Core Concepts
The core message of this paper is to establish the optimal sample complexity of multi-distribution learning paradigms, such as collaborative learning, group distributionally robust optimization, and agnostic federated learning. The authors show that their algorithms can achieve this optimal sample complexity by learning to sample from data distributions on demand.
Abstract
The paper presents a general framework for obtaining optimal and on-demand sample complexity for three multi-distribution learning settings: collaborative learning, group distributionally robust optimization (group DRO), and agnostic federated learning.
Key highlights:
The authors frame multi-distribution learning as a stochastic zero-sum game between a minimizing player (the learner) and a maximizing player (the auditor). This allows them to leverage no-regret game dynamics to efficiently find an approximate min-max equilibrium.

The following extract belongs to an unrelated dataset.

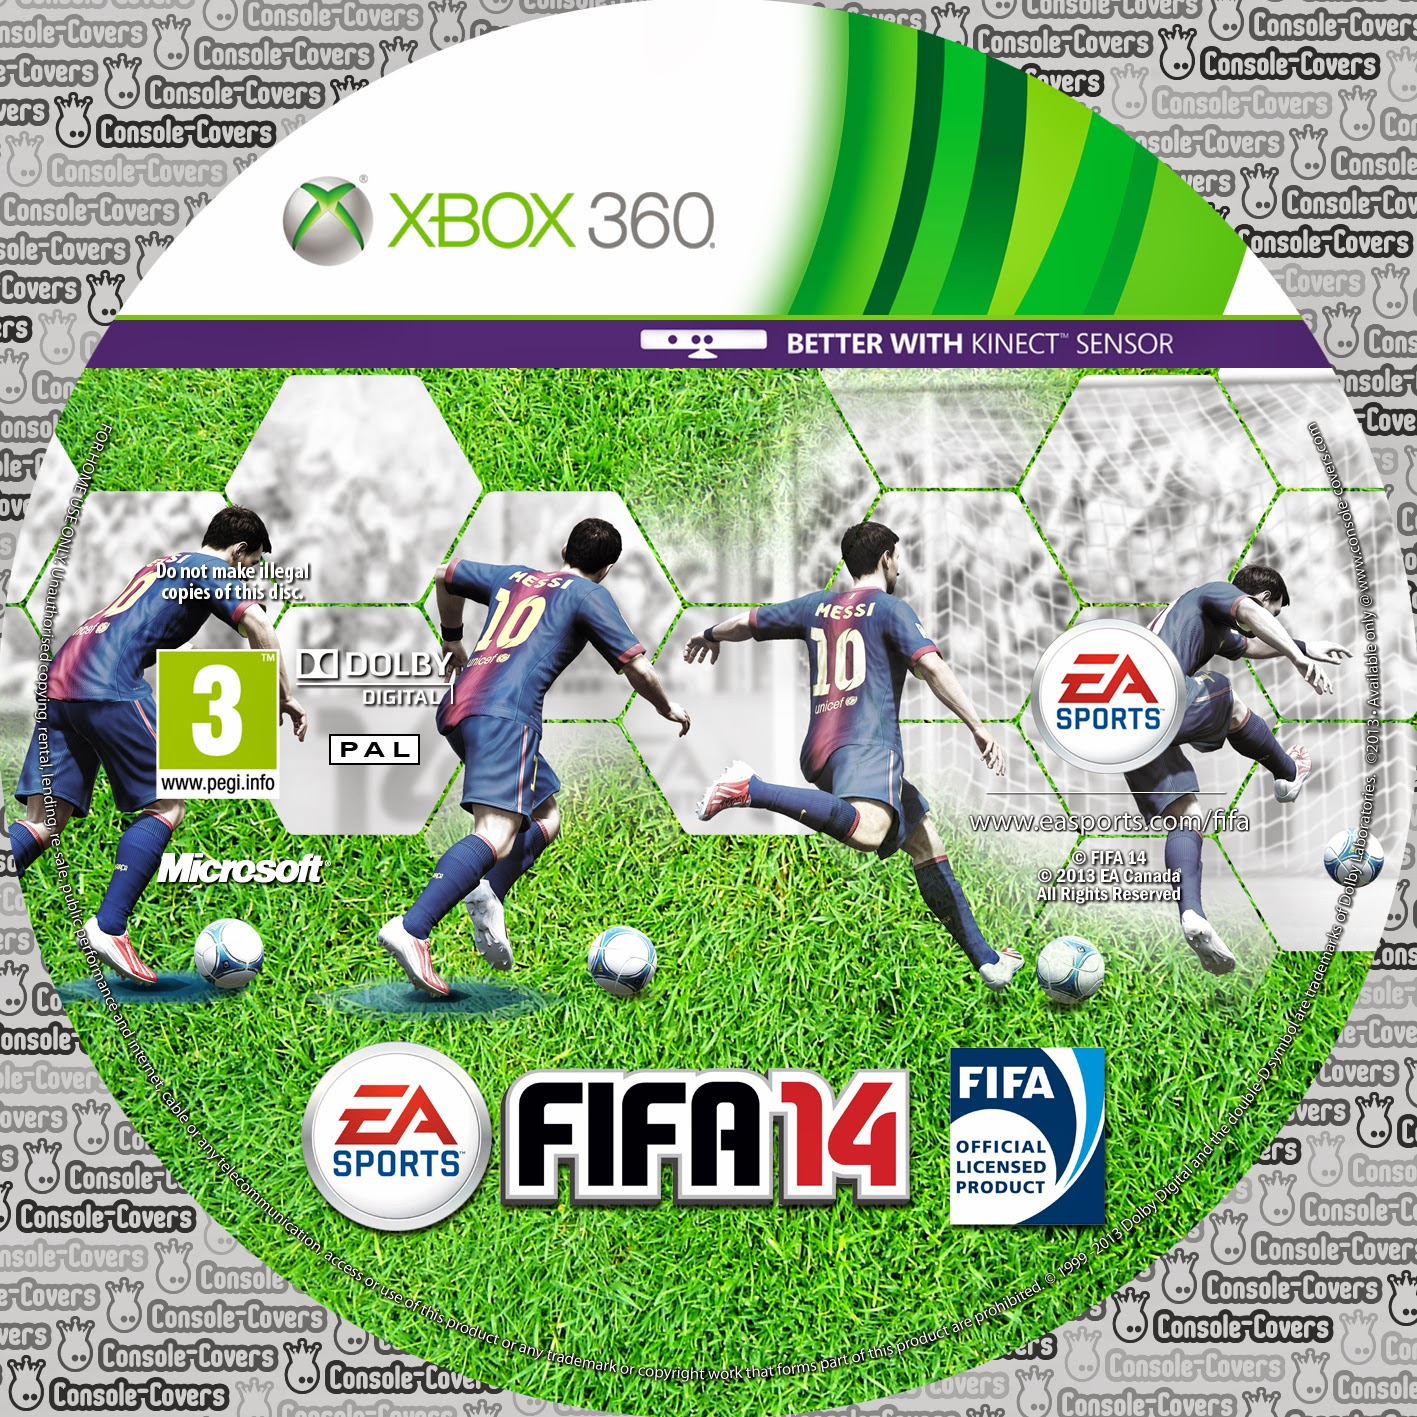 http://1.bp.blogspot.com/-3eUIyndfzmk/UjtufGU8pXI/AAAAAAAA2VI/Ct-nvYiuzbk/s1600/FIFA+14+PAL.jpg

The main technical challenge is that the maximizing player's payoff is more costly to estimate than the minimizing player's, due to the need to sample from multiple data distributions. The authors overcome this by using stochastic mirror descent to optimally trade off the players' asymmetric needs for datapoints.
For collaborative learning, the authors provide randomized and deterministic models that achieve optimal sample complexity, improving upon previous results.
For group DRO, the authors provide the first sample complexity bounds, as well as high-probability bounds on the convergence of the training error.
For agnostic federated learning, the authors show that on-demand sampling can accelerate generalization by a factor of n compared to batch results.
The authors' results demonstrate that multi-distribution learning can be solved efficiently using on-demand sampling, with only an additive increase in sample complexity over learning a single distribution.